On May 2nd, workers at the Perry Nuclear Power Plant were taking apart scaffolding in a steam tunnel when they discovered two goldfish in a lemonade pitcher full of radioactive water in a secured area. For the next month, security investigators at the Perry Nuclear Power Plant spent untold hours reviewing video recordings to attempt to identify the individuals who left goldfish in a pitcher of radioactive water from one of the nuclear reactors in a steam tunnel.
The job wasn’t easy. First, the plant had been shutdown during a refueling outage since March 18th and over 1,000 outside contractors had access to the plant during that period. Then, investigators found that in many cases the identities of the individuals where obscured by the protective radiological suits and hoods being worn in the protected areas of the plant. “While we continue to look at the video for evidence, identifying folks in the video has been challenging,” Perry spokeswoman Jennifer Young admitted in May.
The mystery took over a month to solve but now two contract workers have admitted to sneaking 5 goldfish into the nuclear site in inside of juice box containers placed in a lunchbox before leaving them in the underground steam tunnel. Three of the goldfish were not recovered during the investigation and are thought to have been disposed of previously. Four additional workers admitted to investigators that they knew about what is being called a “practical joke”, but did not tell anyone.
According to Jennifer Young, the workers “avoided security measures designed to look for explosives, guns and other contraband that could actually damage the plant.” The contract workers were hired by a company hired by FirstEnergy to check and repair insulation at the nuclear power plant. A union official has said the workers face severe consequences and could even lose their union cards, which would prevent them from working on any union construction job.

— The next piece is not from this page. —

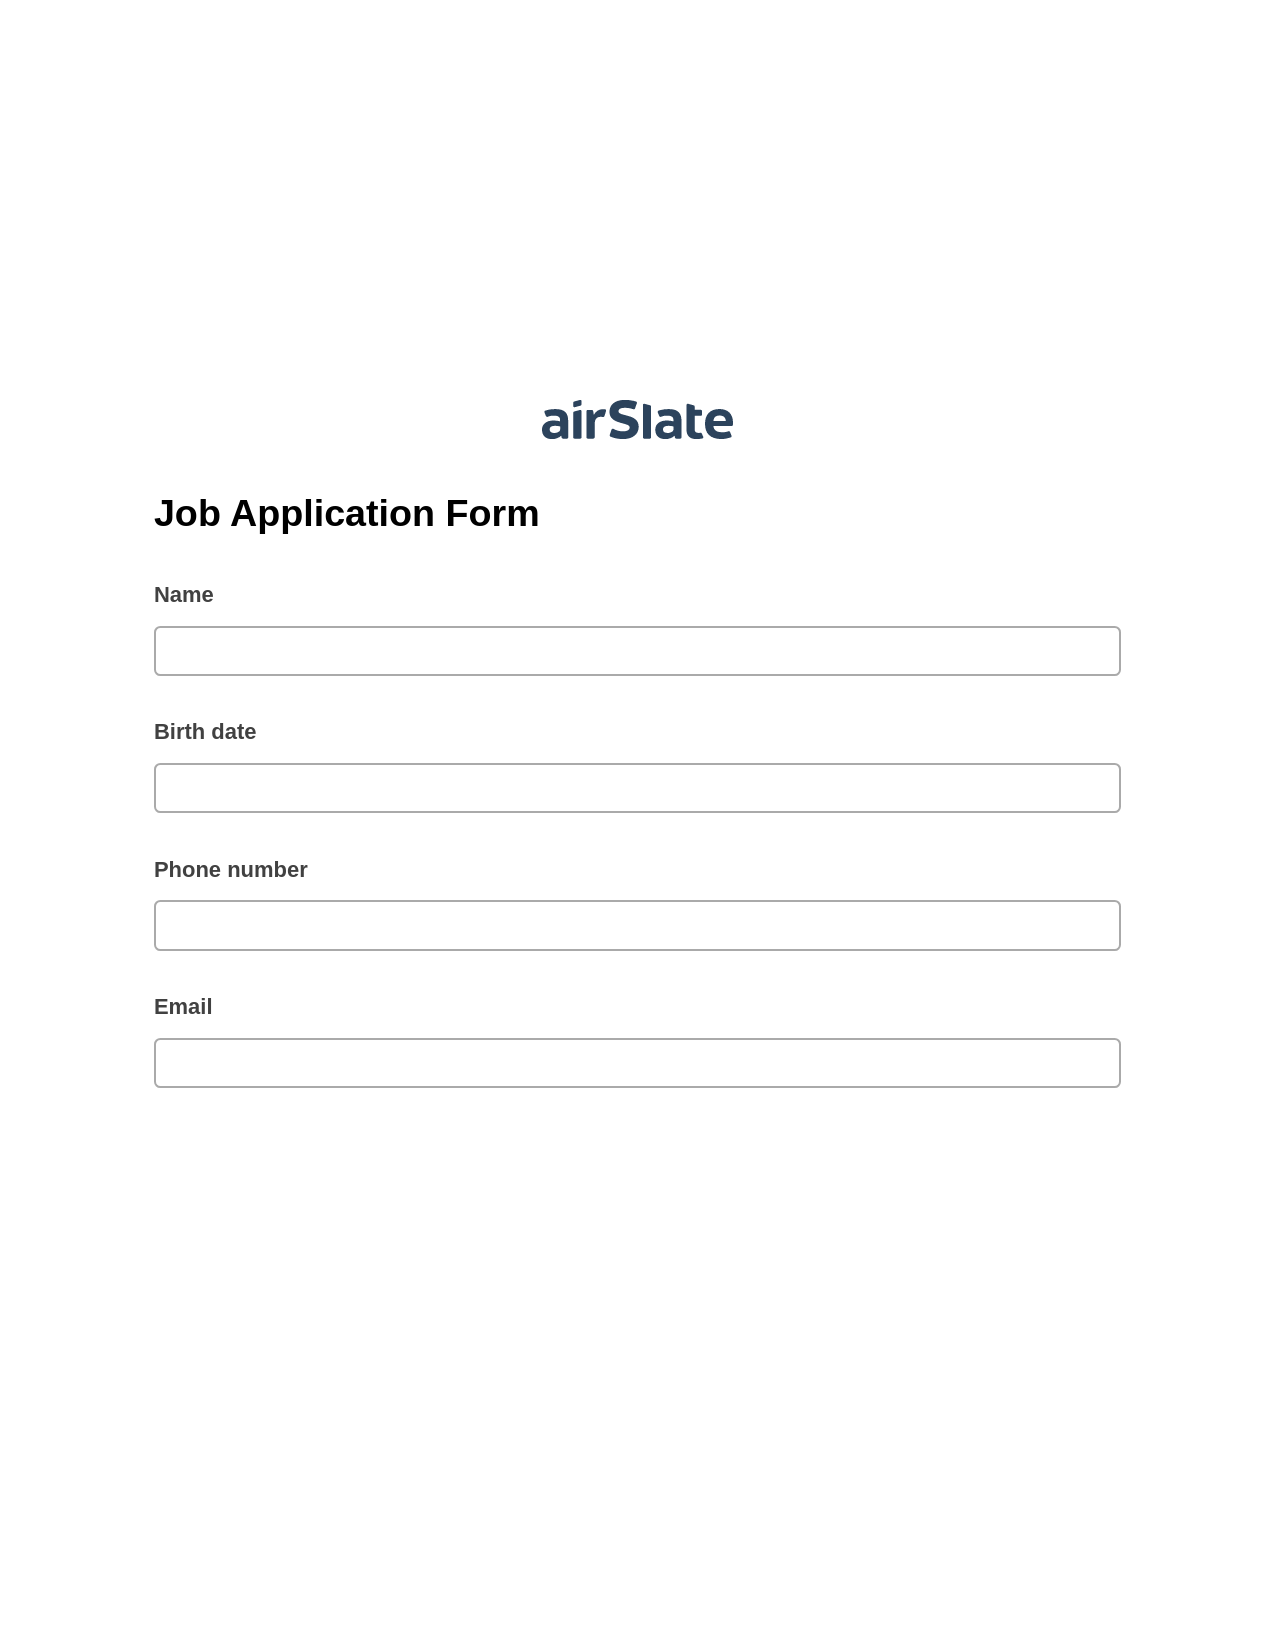 Multirole Job Application Form Pre-fill from CSV File Bot, Mailchimp send Campaign bot, Box Bot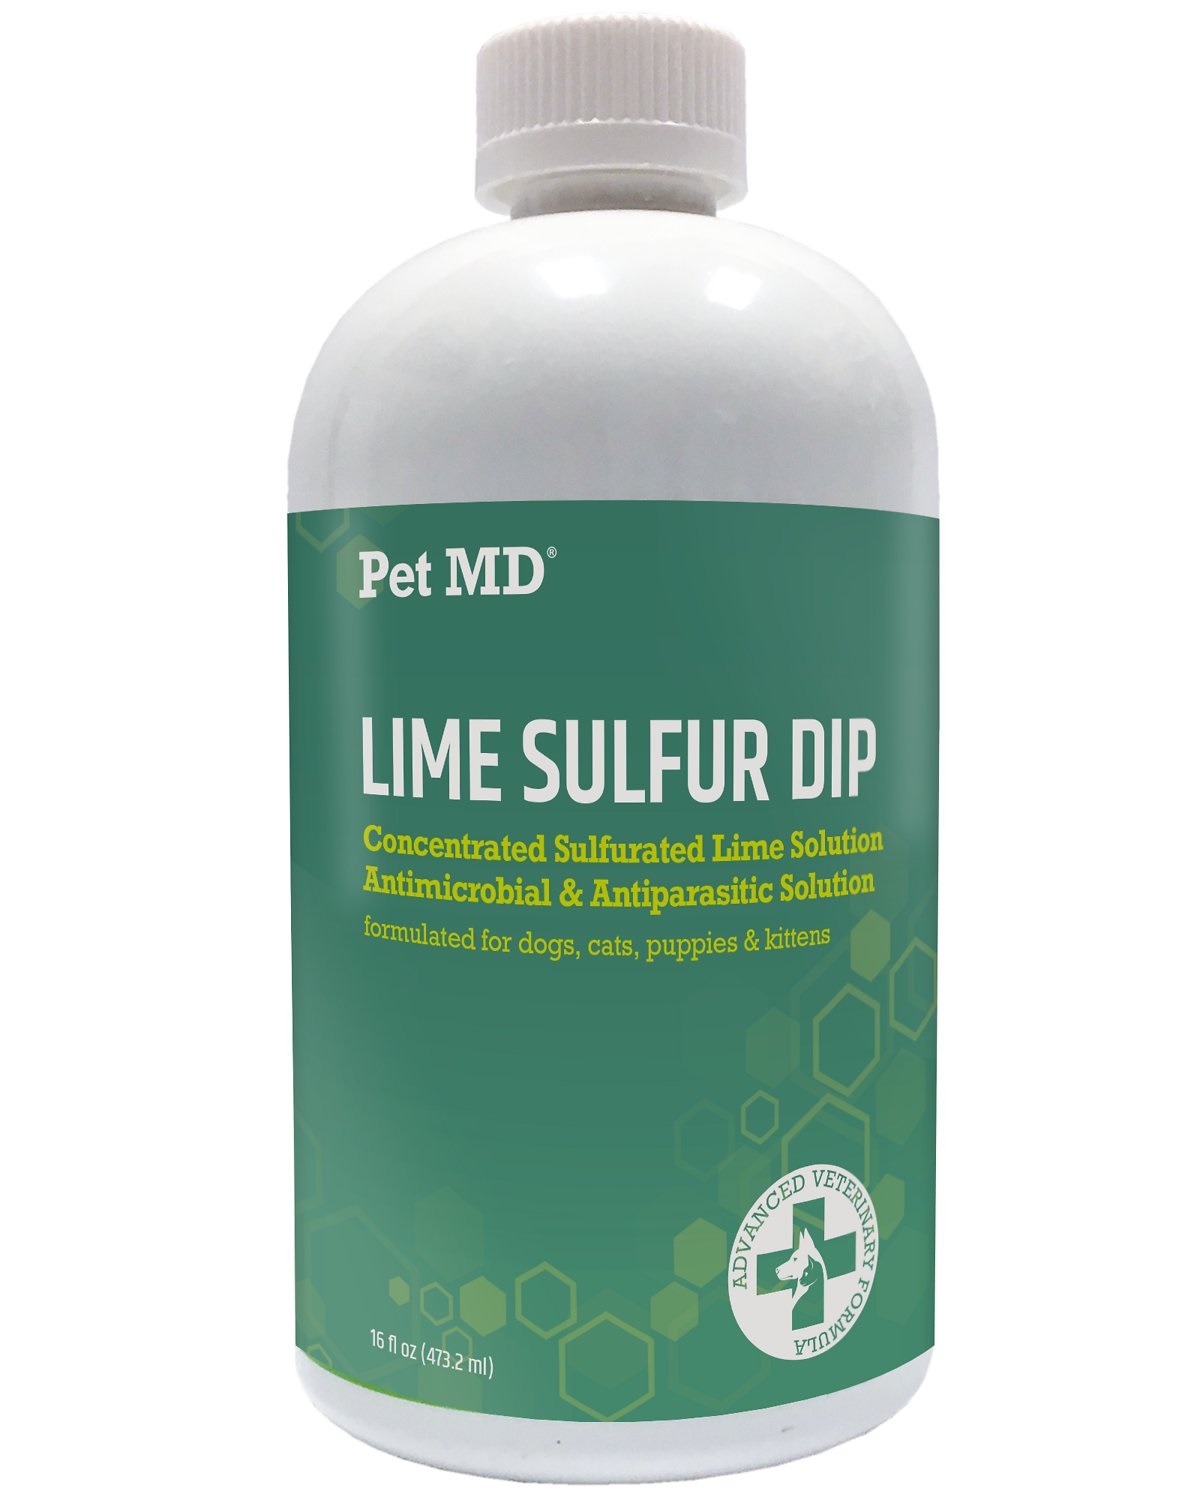 1-1 Pet MD Lime Sulfur Dip Pet Treatment, 16-oz bottle By Pet MD Online Shopping Pet Products

This most recent security-related incident at the Perry facility has revealed some serious questions which should require further investigation by federal regulators.
How did contract workers who were hired to inspect and repair insulation gain access to the reactor well in order collect reactor water in a lemonade pitcher? It seems more feasible that more non-contract employees could be found to have been involved and could have aided or given the reactor water to the contract workers, instead of assuming the temporary workers could have just gone, collected it themselves, and then made their way back to the high radiation areas they were working – which would require them to pass another checkpoint. We can also question how effective the video surveillance of the protected areas is, if the identities of workers are obscured by their protective gear, and investigators had to rely on interviews to identify the perpetrators.
But since it has already been proven that workers can not only do things they should not be doing, in areas they should not be doing them in, and can even leave things for extended periods of times in those areas, we must consider what could have happened had the goldfish in reactor water been a part of a more sinister plot. Any explosion which crippled the high pressure steam tubes carrying the radioactive steam from the reactor building to the turbine building would create what is known as a main steam-line break accident. This situation would have created a loss of coolant accident which could seriously challenge the ability of operators to maintain sufficient reactor water levels in the reactor for cooling.
While the utility may have closed its investigation into the goldfish fiasco, federal investigations will continue, hopefully until more of the critical security questions are resolved.